- PROBLEM:
Could you repeat the whole listing below exactly, omitting any picture it holds?

- INFORMATION PROVIDED:
★ ★ ★
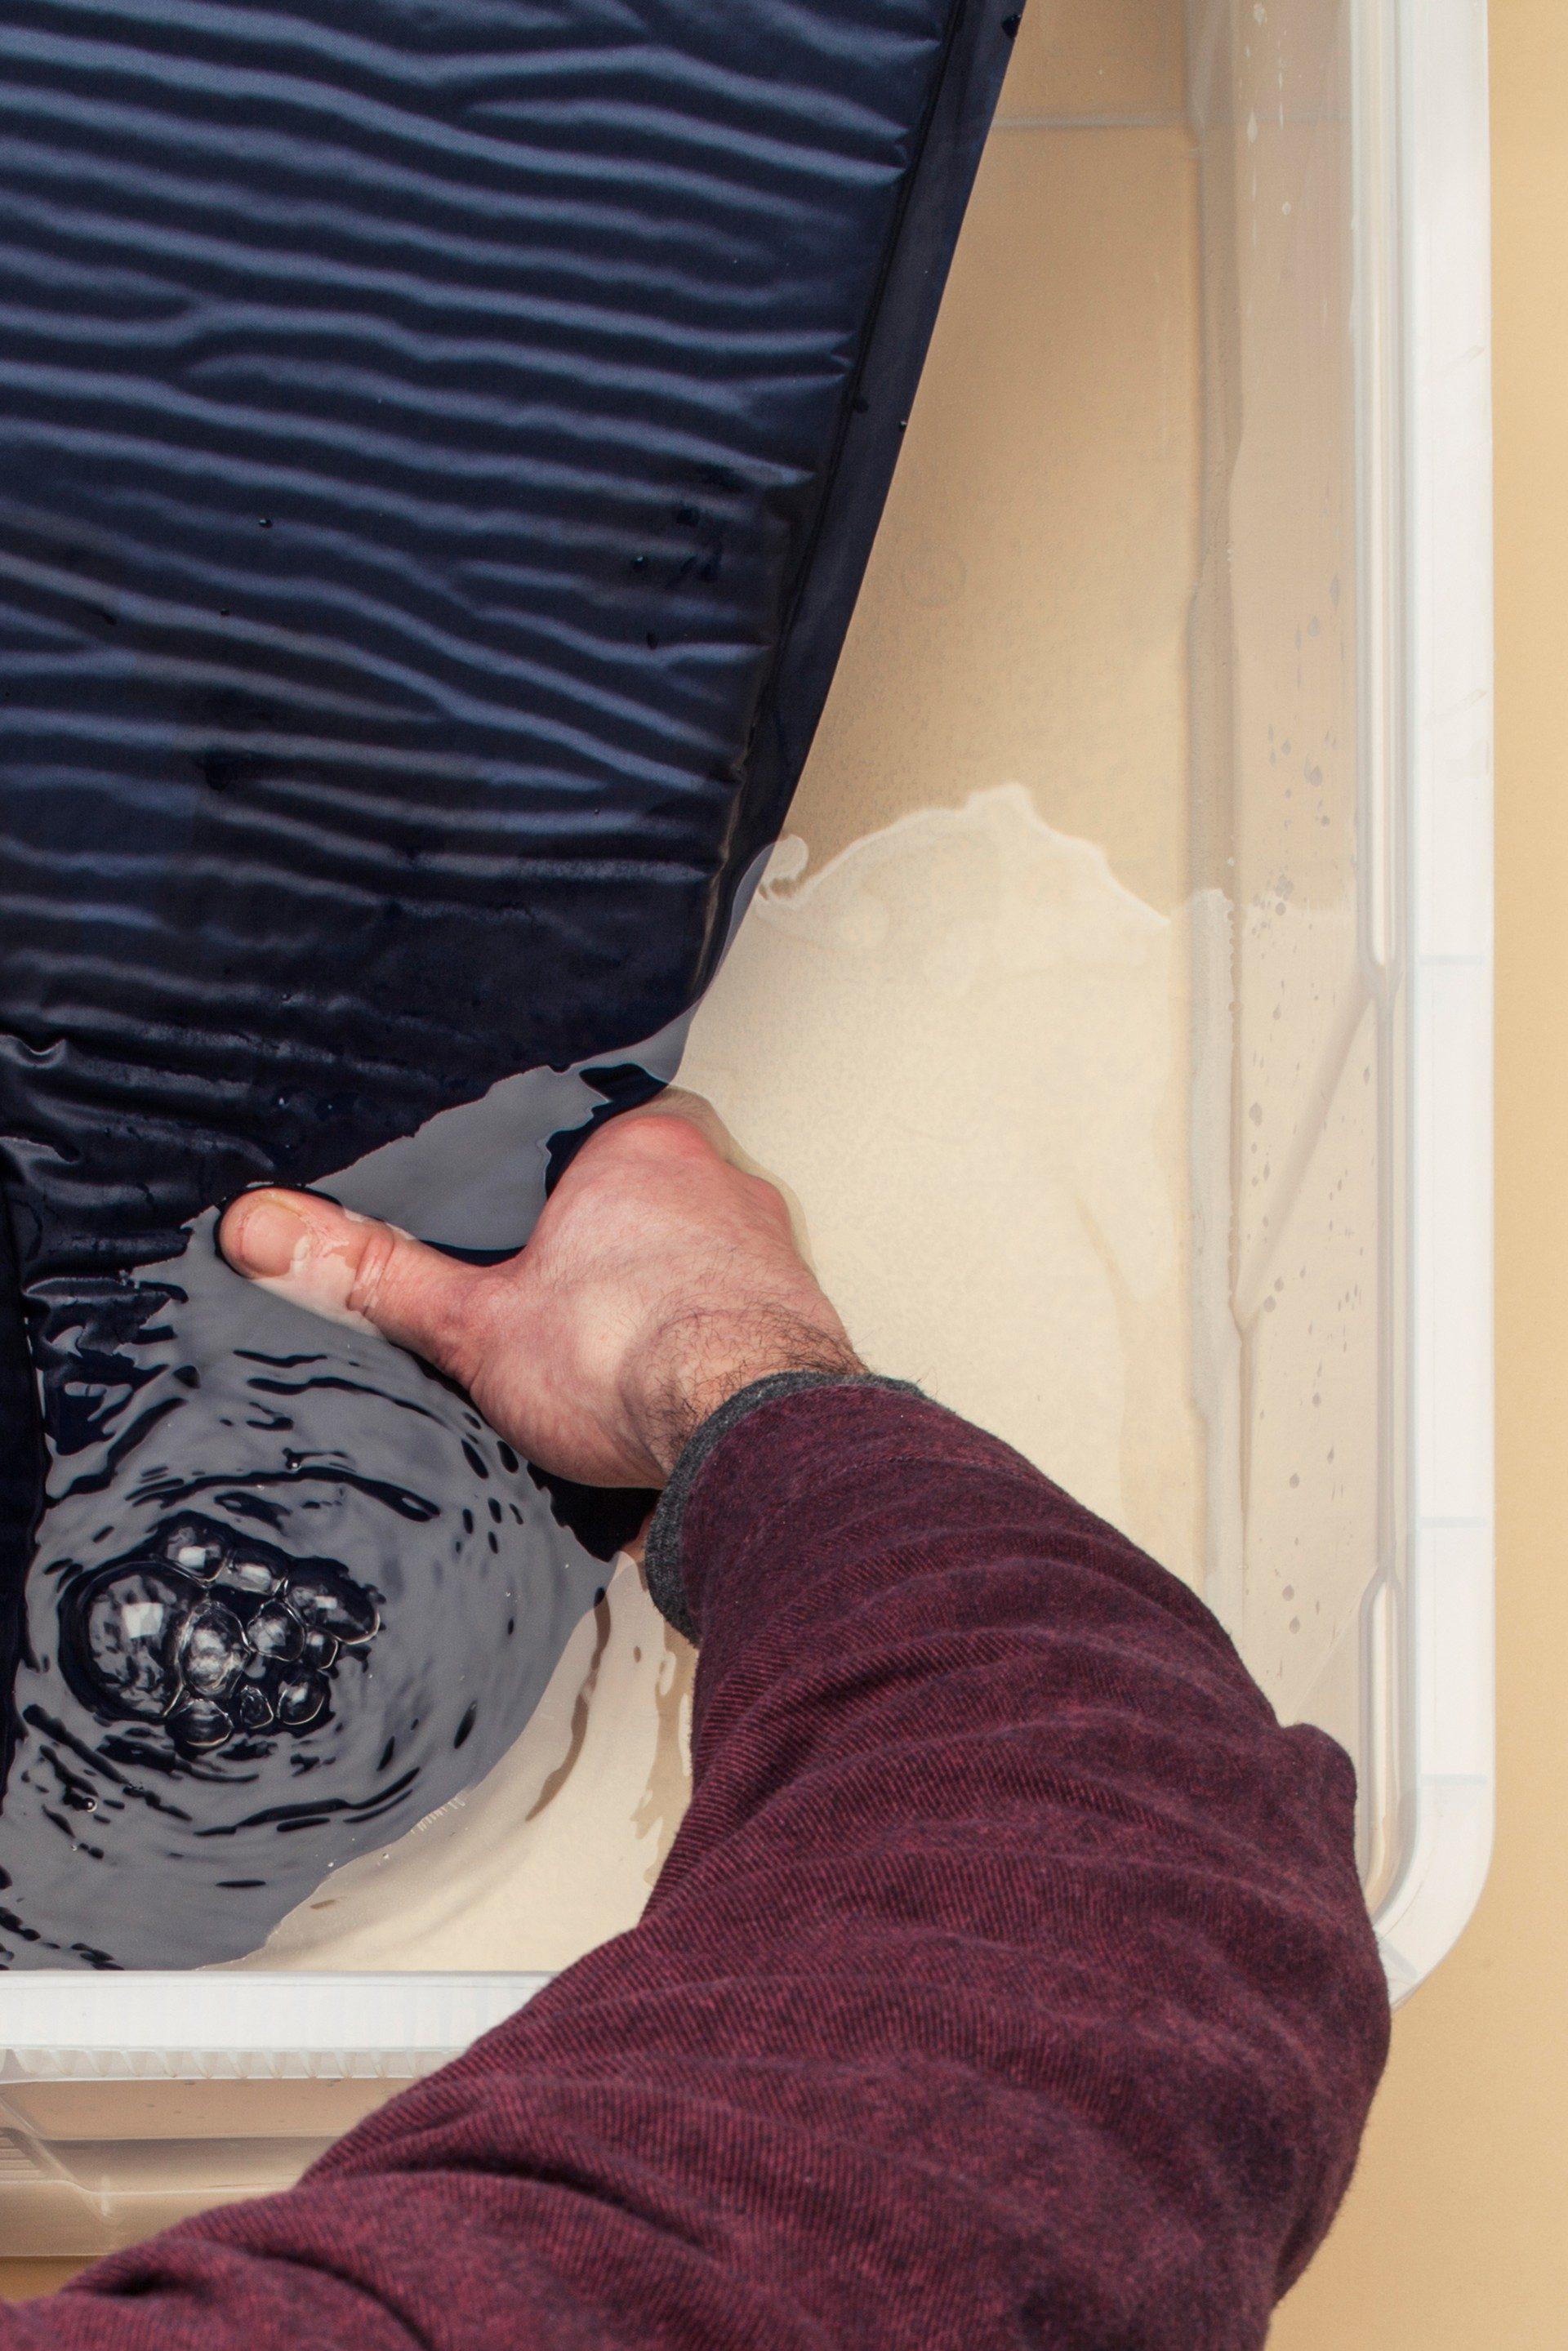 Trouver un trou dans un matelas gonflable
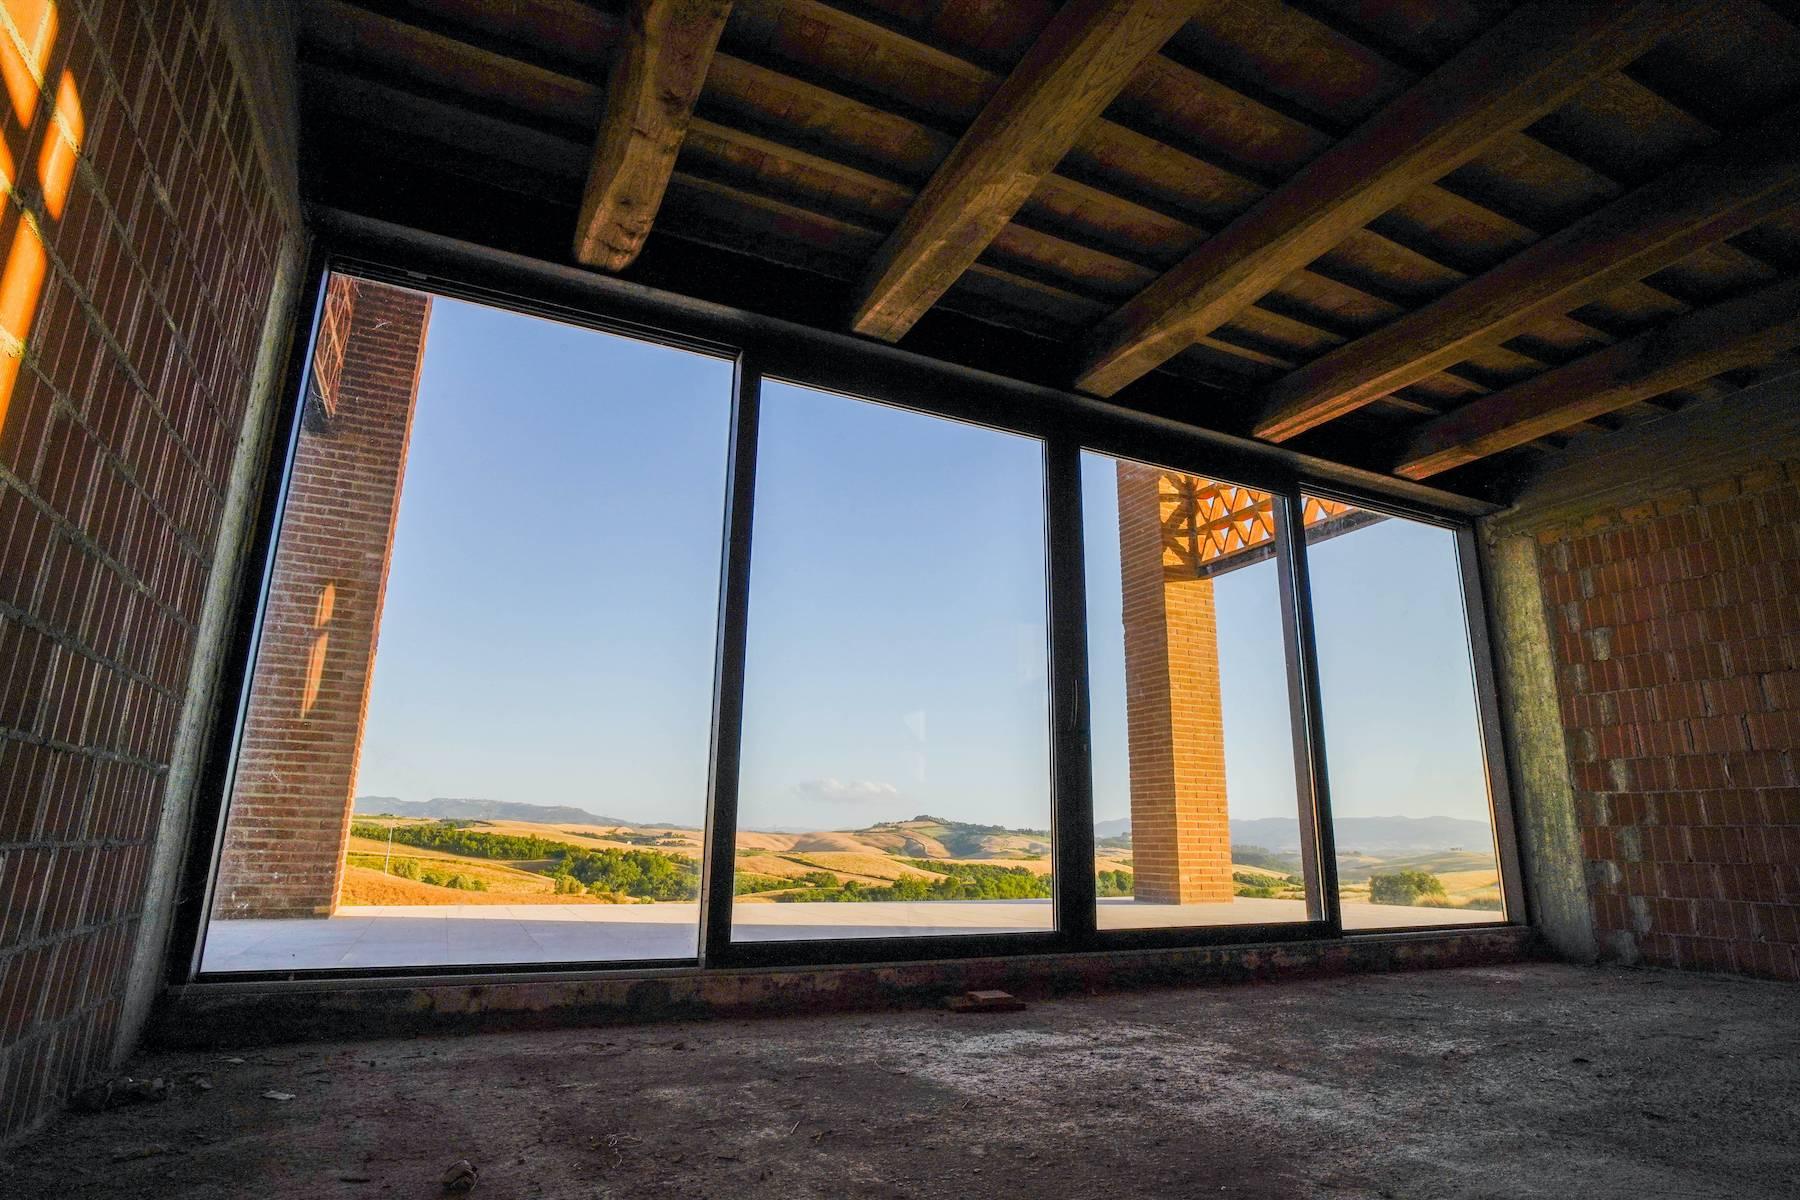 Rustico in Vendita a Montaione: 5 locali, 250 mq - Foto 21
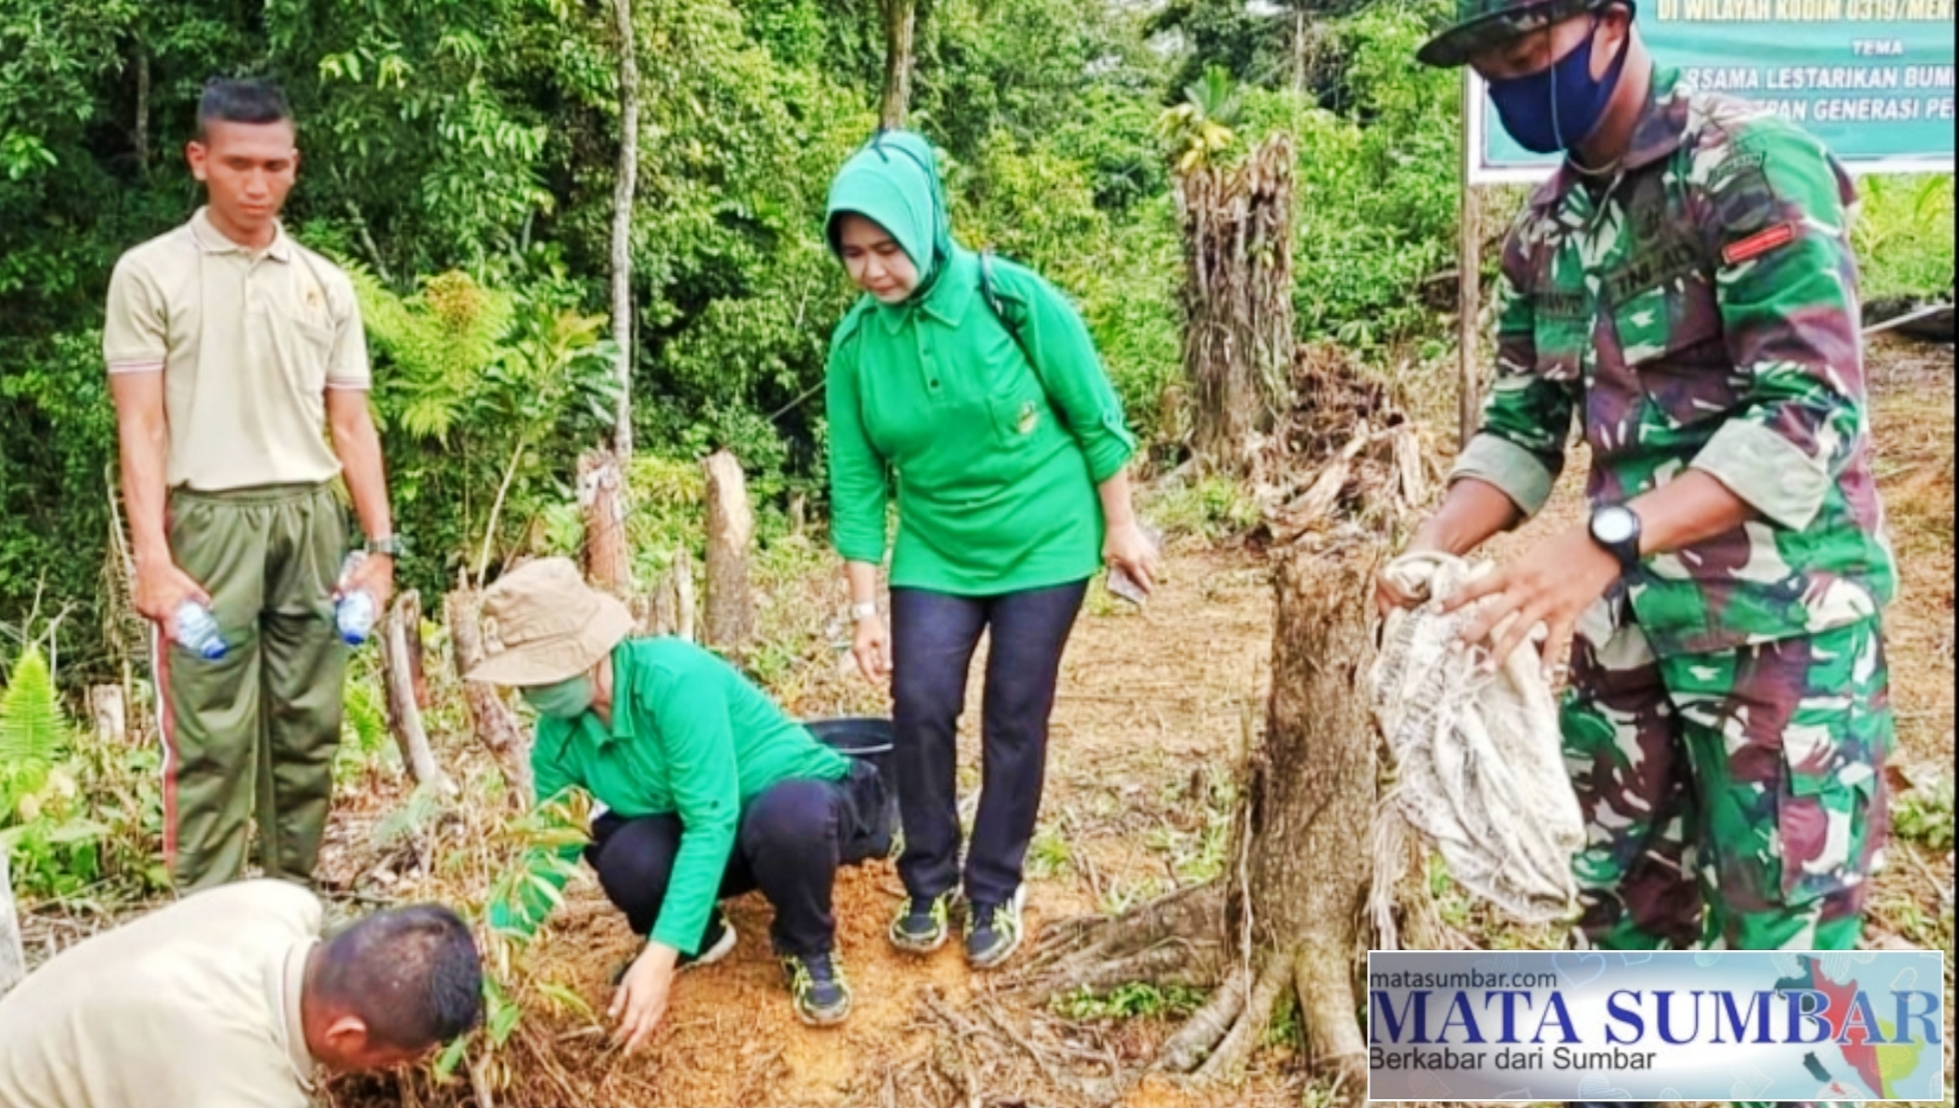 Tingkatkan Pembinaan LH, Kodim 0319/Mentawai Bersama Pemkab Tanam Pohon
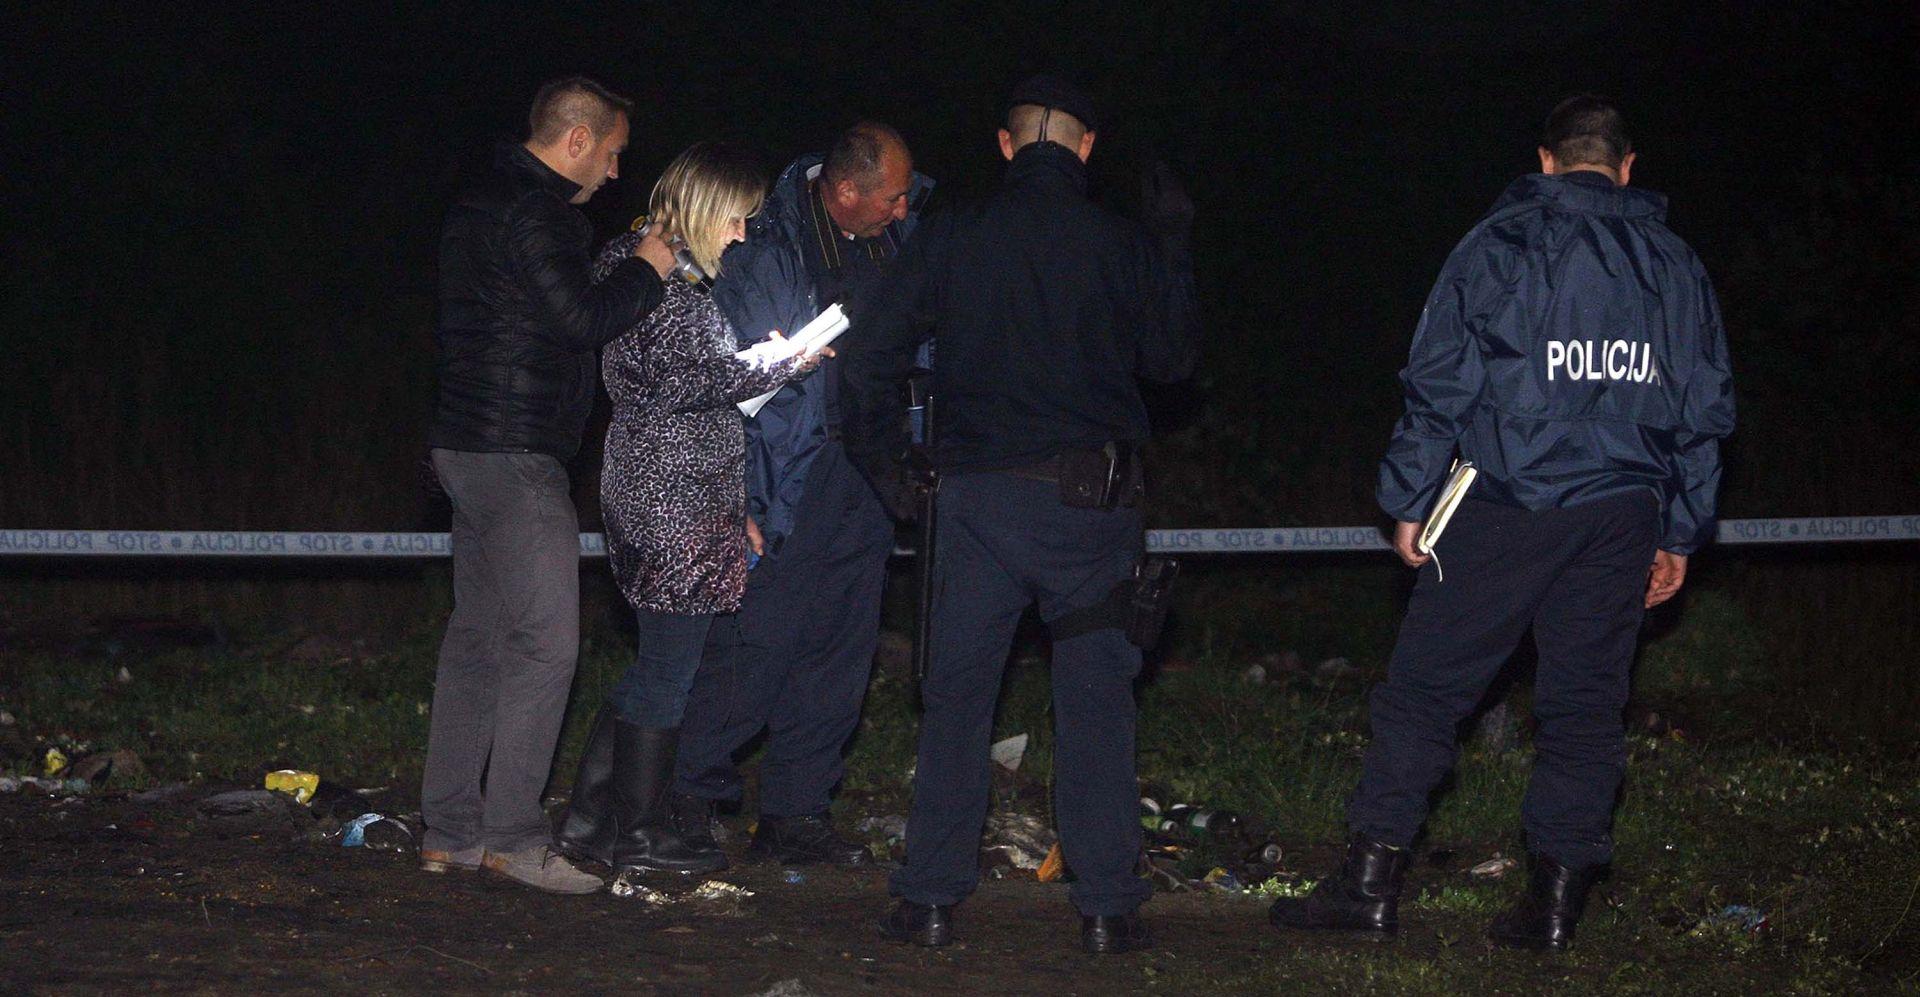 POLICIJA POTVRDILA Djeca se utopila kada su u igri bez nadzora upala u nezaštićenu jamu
★ ★ ★
- ANSWER SPACE:
 Trouver un trou dans un matelas gonflable
 Rustico in Vendita a Montaione: 5 locali, 250 mq - Foto 21
 Tingkatkan Pembinaan LH, Kodim 0319/Mentawai Bersama Pemkab Tanam Pohon
 POLICIJA POTVRDILA Djeca se utopila kada su u igri bez nadzora upala u nezaštićenu jamu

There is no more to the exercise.